Lundi 20 novembre 2023 par Laurent Sapir

Rustin

Netflix a eu à la fois la belle idée de consacrer un biopic à Bayard Rustin, le mentor gay et invisibilisé de Martin Luther King, et la mauvaise idée d'en confier la mise en scène au réalisateur déjà peu inspiré du "Blues de Ma Rainey".

 

Dans l'album de famille du combat pour les droits civiques aux États-Unis, Bayard Rustin a longtemps été l'homme invisible. Flagrante injustice au regard de celui qui a organisé la grande marche d'août 1963 à Washington ponctuée par le fameux I Have A Dream de Martin Luther King... Ce même Luther King dont Bayard Rustin fut l'un des mentors et inspirateurs de l'action non violente, à la fois comme principe et comme stratégie. Sauf qu'à l'époque, et à l'intérieur même de son camp, le camarade Rustin n'est pas jugé très présentable. Ancien communiste, objecteur de conscience en pleine Seconde guerre mondiale, il a surtout passé 60 jours derrière les barreaux à Pasadena, en 1953, après avoir été surpris en train d'avoir des relations sexuelles avec deux hommes dans une voiture garée.

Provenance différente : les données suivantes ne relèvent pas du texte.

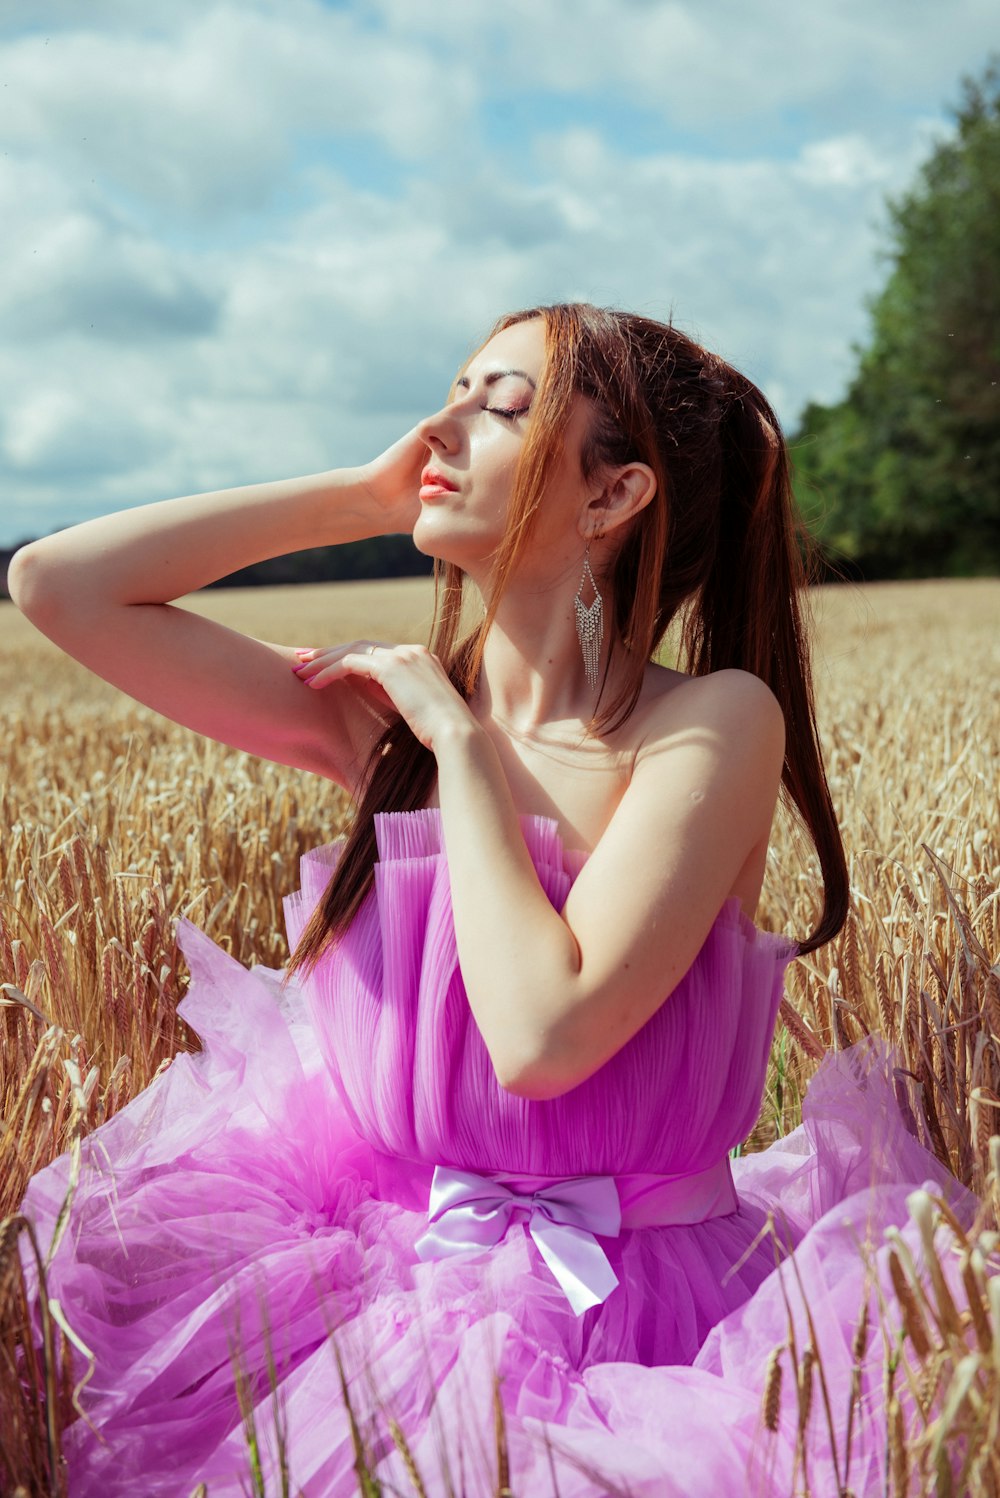 a woman in a pink dress sitting in a wheat field

Un gay dans l'ombre de Martin Luther King, ça fait forcément désordre en ce début des années 60, y compris aux yeux du pasteur lui-même alors qu'il sait surveillé par le FBI. Le clash survient en 1960 autour d'un projet de manifestation lors d'une convention démocrate à Los Angeles. Deux pontes du mouvement pour les droits civiques y sont hostiles: le chef de la NAACP, Roy Wilkins, et le représentant au Congrès Adam Clayton Powell Jr. qui menace alors de divulguer à la presse la rumeur d'une liaison entre Rustin et King. Ce dernier décide alors d'annuler la marche et de sacrifier son ami, qui quitte la direction du mouvement.

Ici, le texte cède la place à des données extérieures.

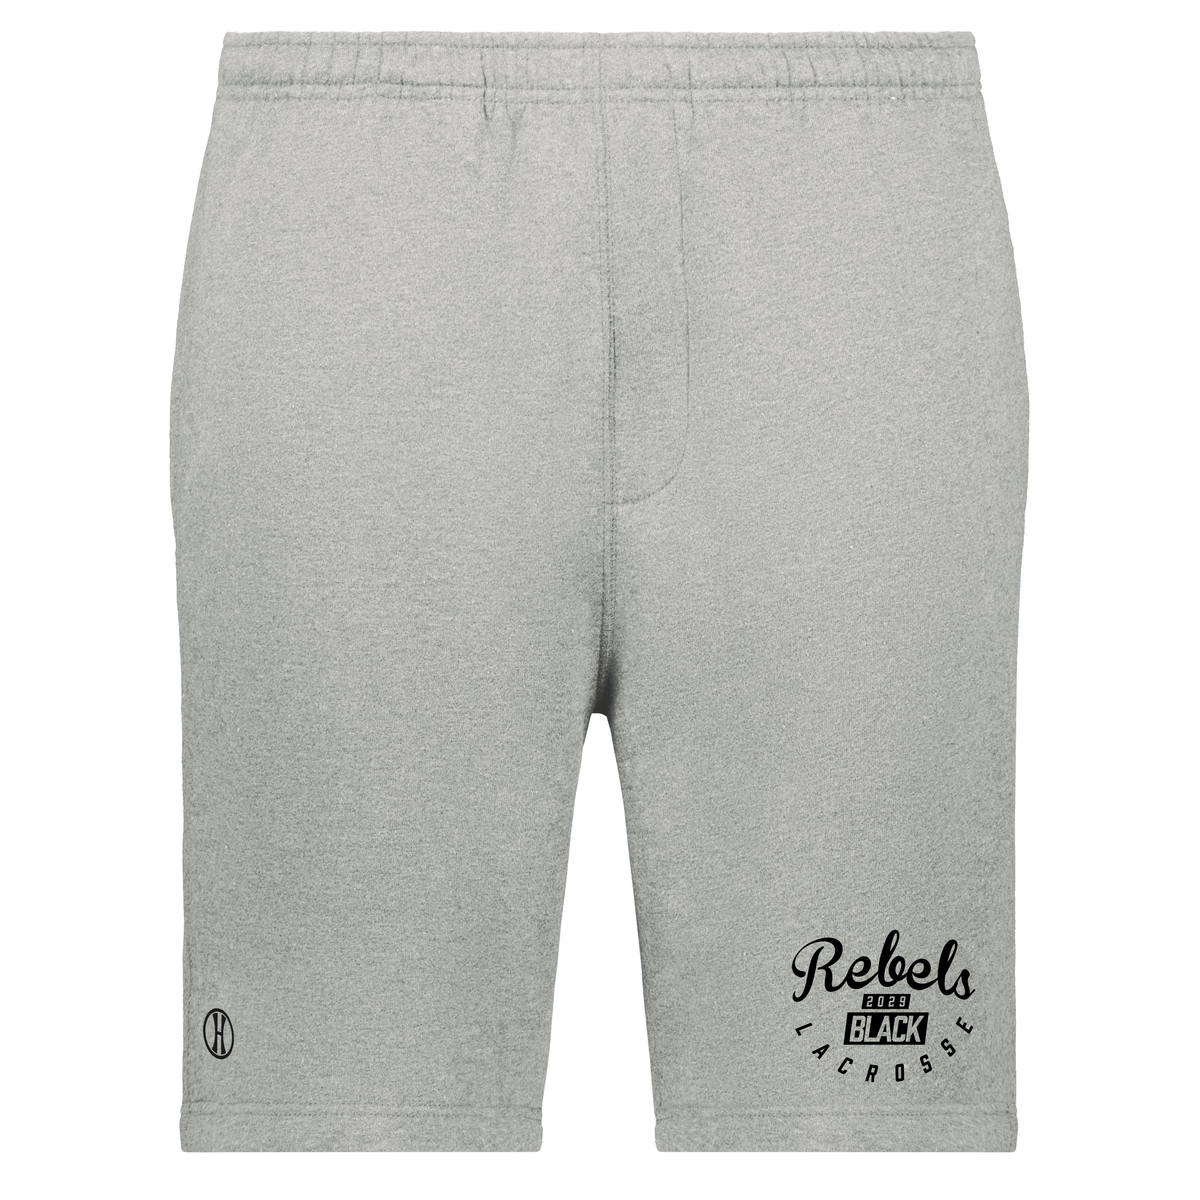 Rebels 2029 Black 60/40 Fleece Shorts

Plutôt bien détaillé dans la retranscription de cet épisode où germent des animosités internes au mouvement pour les droits civiques qu'on retrouvera par la suite, le biopic que Netflix consacre à Bayard Rustin l'est beaucoup moins quant au processus qui conduit notre homme à revenir en grâce auprès de Luther King, lequel lui confie toute la logistique de la manifestation de Washington. Ce n'est malheureusement pas le seul bémol de ce film platement mis en scène par George C. Wolfe dont on avait déjà bien peu apprécié, toujours sur Netflix, sa vision de la chanteuse de blues Ma Rainey.

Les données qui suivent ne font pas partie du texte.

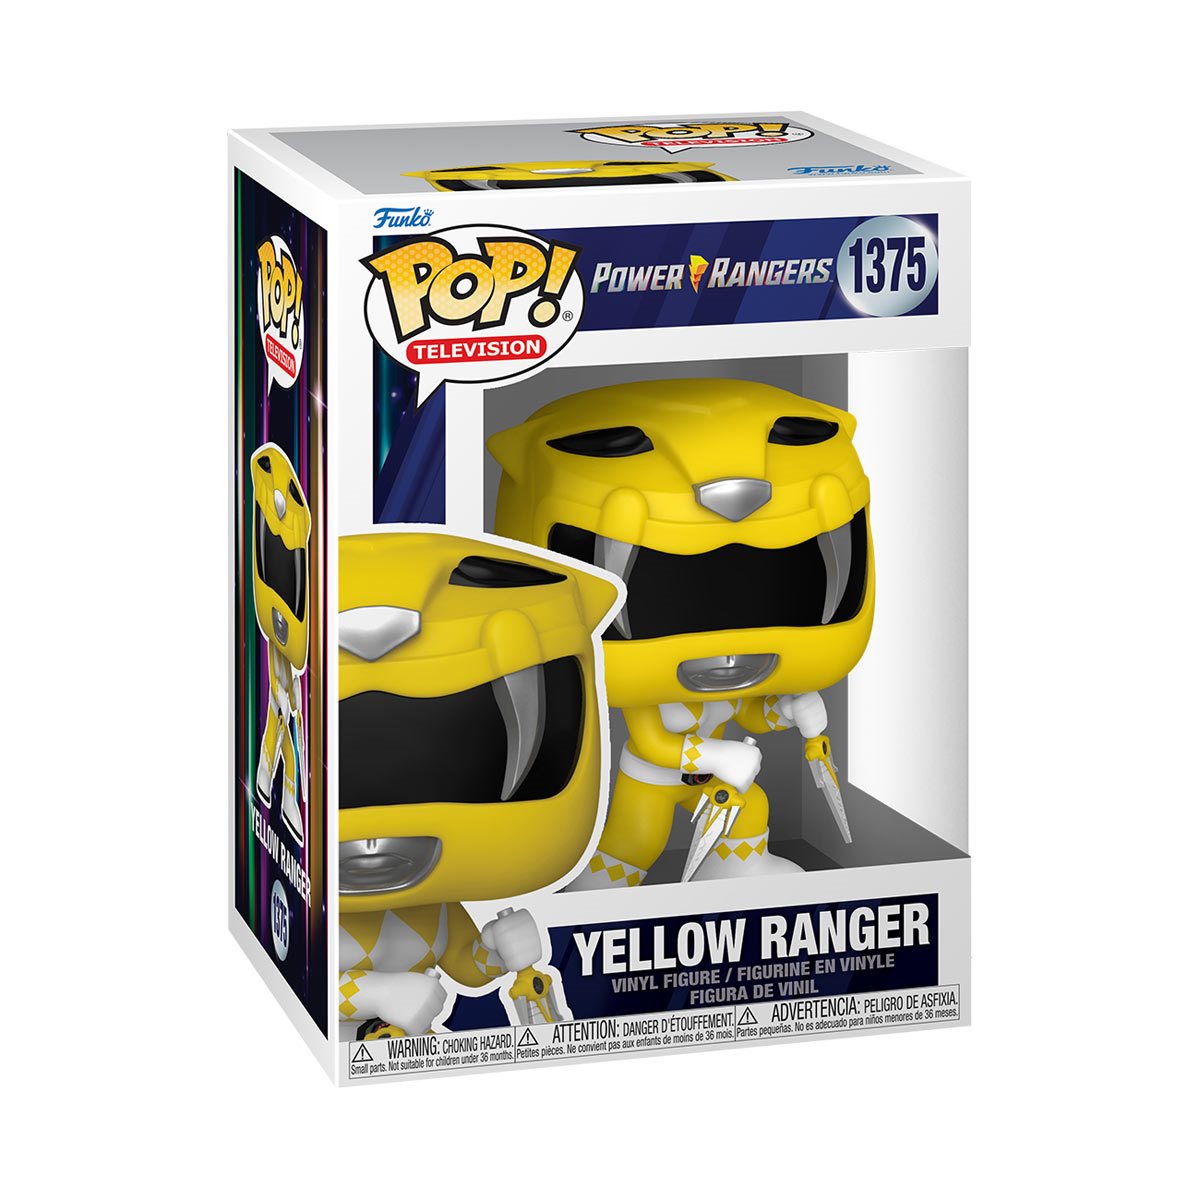 Mighty Morphin Yellow Ranger 30th Anniversary Pop! Vinyl Figure

La portée de la marche de 1963 est pareillement ternie. Sa dimension sociale et économique telle que la concevaient ses initiateurs ne crève pas vraiment l'écran, c'est le moins qu'on puisse dire.  Idem en ce qui concerne la dimension féministe, ou plutôt anti-féministe de l'événement. À part Mahalia Jackson, mais seulement pour chanter, aucune oratrice n'est prévue. Soulevée par l'un des personnages du film l'espace de quelques minutes, cette problématique est aussitôt abandonnée.

Mise en scène tout aussi maladroite quand il s'agit d'évoquer la vie personnelle de Rustin et ses relations avec un jeune activiste blanc, puis un pasteur noir marié. Même déception au niveau de l'interprétation: l'acteur qui joue Luther King est particulièrement falot. Quant au soi-disant oscarisable Colman Domingo, son jeu hyper théâtral rend le personnage de plus en plus irritant. Même la BO de Branford Marsalis ne fait pas des étincelles. Autant dire que Barack Obama fut bien plus inspiré en décernant une médaille posthume à Bayard Rustin en 2013 (il est décédé en 1987) qu'en produisant avec son épouse ce biopic qui ne rend pas vraiment justice à son héros.